The PPF said the new estimate for the amount eligible UK DB schemes will have to pay is almost 10% less than the £695m it is expecting to collect this year (2014/15).
The lifeboat fund also hopes to keep the formula that determines each employer’s levy the same in the following two levy periods – 2016/17 and 2017/18 – and anticipates that this will see levies fall further as the numbers fed into the formula change.
The estimate was published as the PPF announced the proposed levy rules for 2015/16 following its consultation that ran between May and July this year.

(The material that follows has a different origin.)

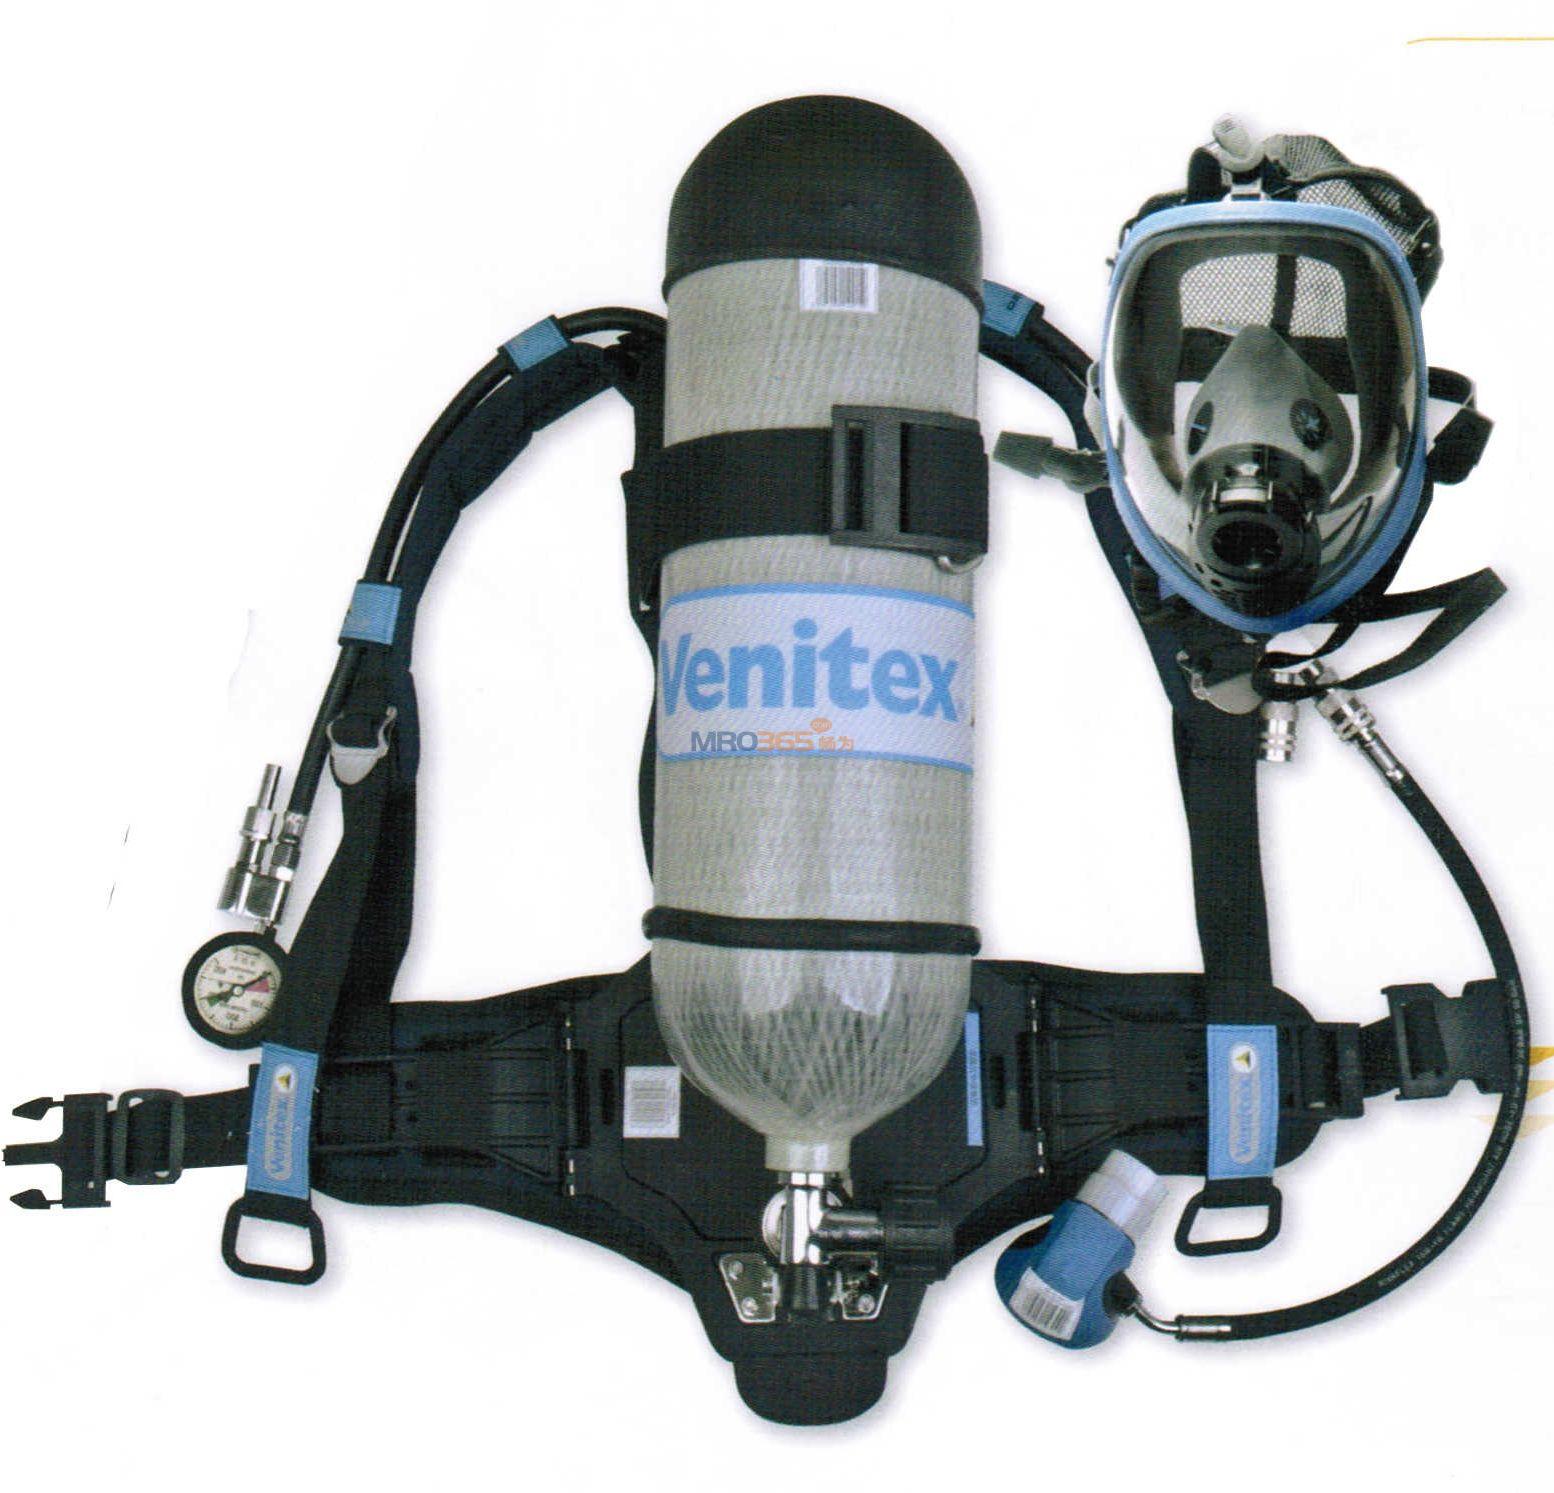 正压式空气呼吸器部件及性能介绍

PPF chief executive Alan Rubenstein (pictured) said: “We recently said in our Funding Strategy Update that we remain on course to meet our long-term funding target of self-sufficiency by 2030, but substantial risks remain. We have therefore chosen to continue our approach from the first triennium in setting the overall levy rate for the coming year. This means we have sought to neutralise the wider levy changes, allowing the impact of improved funding to bring the quantum down. As a result we will seek to collect a reduced amount in 2015/16 in line with changes in current risk that we have seen. While the future is inevitably uncertain, levy estimates for the following two years appear likely to fall further rather than rise, based on the expected path of asset values and yields.”
The PPF said there was strong stakeholder support in the consultation responses for the move from Dun & Bradstreet to Experian as the new insolvency risk provider and for the PPF-specific model for assessing risk.

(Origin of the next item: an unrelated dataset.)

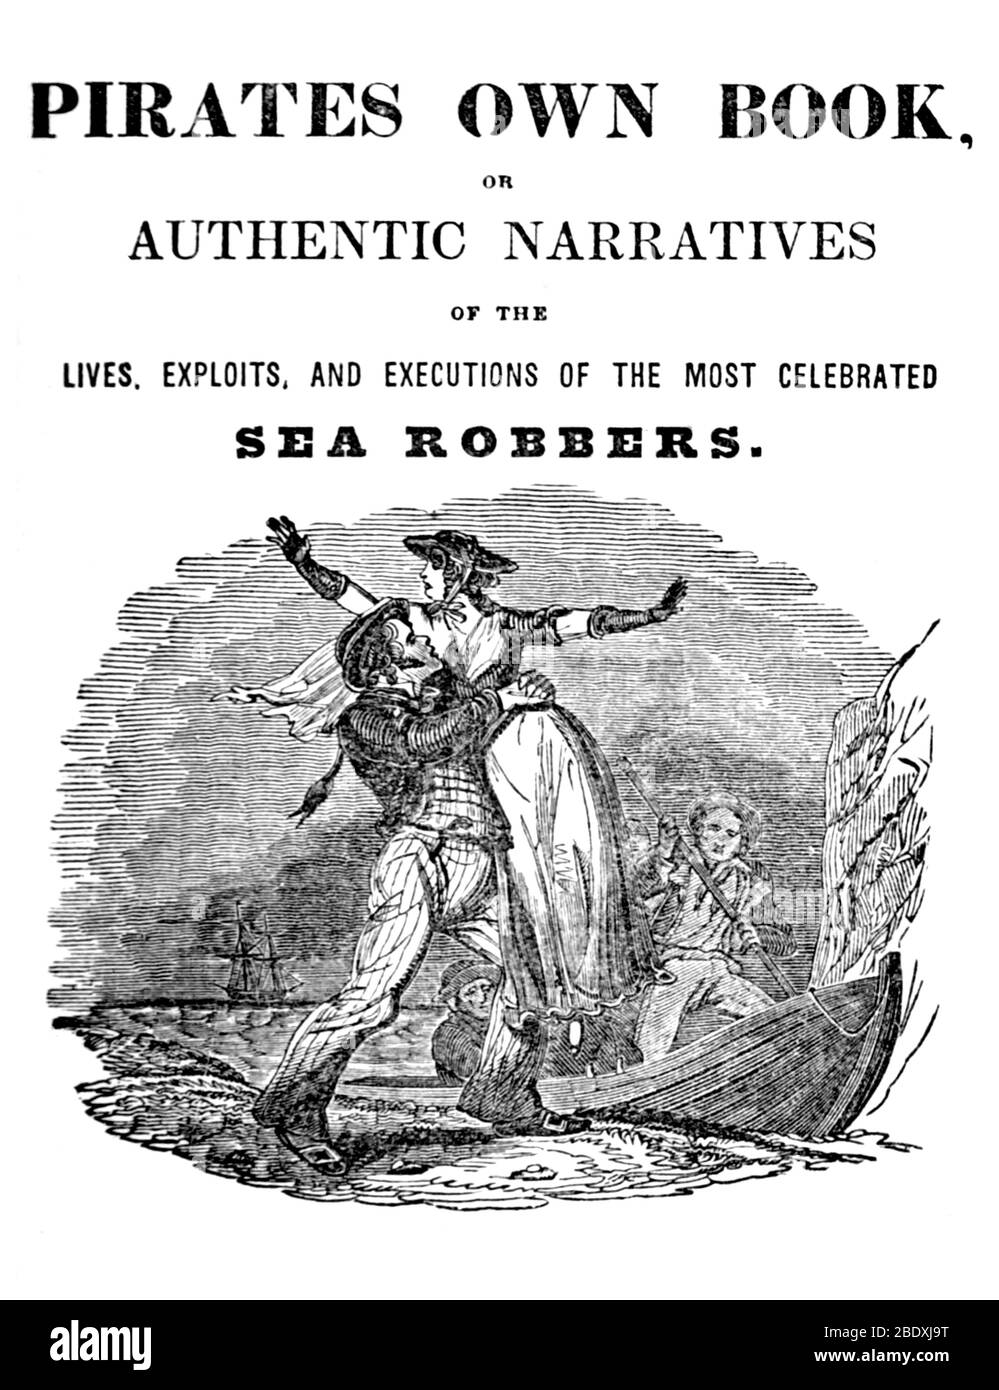 Pirates Own Book, 1837 Stock Photo

Enhancements to the model include amended rules on how it reflects mortgages – ensuring mortgages that are not relevant to insolvency risk are excluded; and a revised approach to asset backed contributions (ABCs). The PPF will now recognise all asset types not just UK property, provided the ABC is valued in a way that reflects the value to the PPF in the event of insolvency.
Barnett Waddingham partner Nick Griggs said he welcomed the proposal to remove certain mortgages from the insolvency risk model, the inclusion of which he sad was “was a major drawback of the original proposals”.
He added: “While improvements have been made, anomalies remain in the model that many will perceive as unfair. Some of these are inevitable given the PPF’s desire to produce a simple and statistically robust model – many employers will simply not fit the average profile of the companies the PPF’s model is based on.
“The PPF’s announcement that their target total levy is less than in previous years is of course welcome, but employers should beware that the change from D&B to Experian can mean significant changes to individual schemes’ levies.”
Elsewhere, Towers Watson senior consultant Joanne Shepard said: “Employers may be disappointed that the bill they’ve been presented with isn’t smaller: £635m is the amount the PPF would have expected to collect with no changes to the levy rules; in that sense, this isn’t really a levy cut.
“However, fixing the formula for three years is expected to see levies fall further as ‘bad years’ drop out of the period over which scheme funding levels are smoothed for levy calculations.”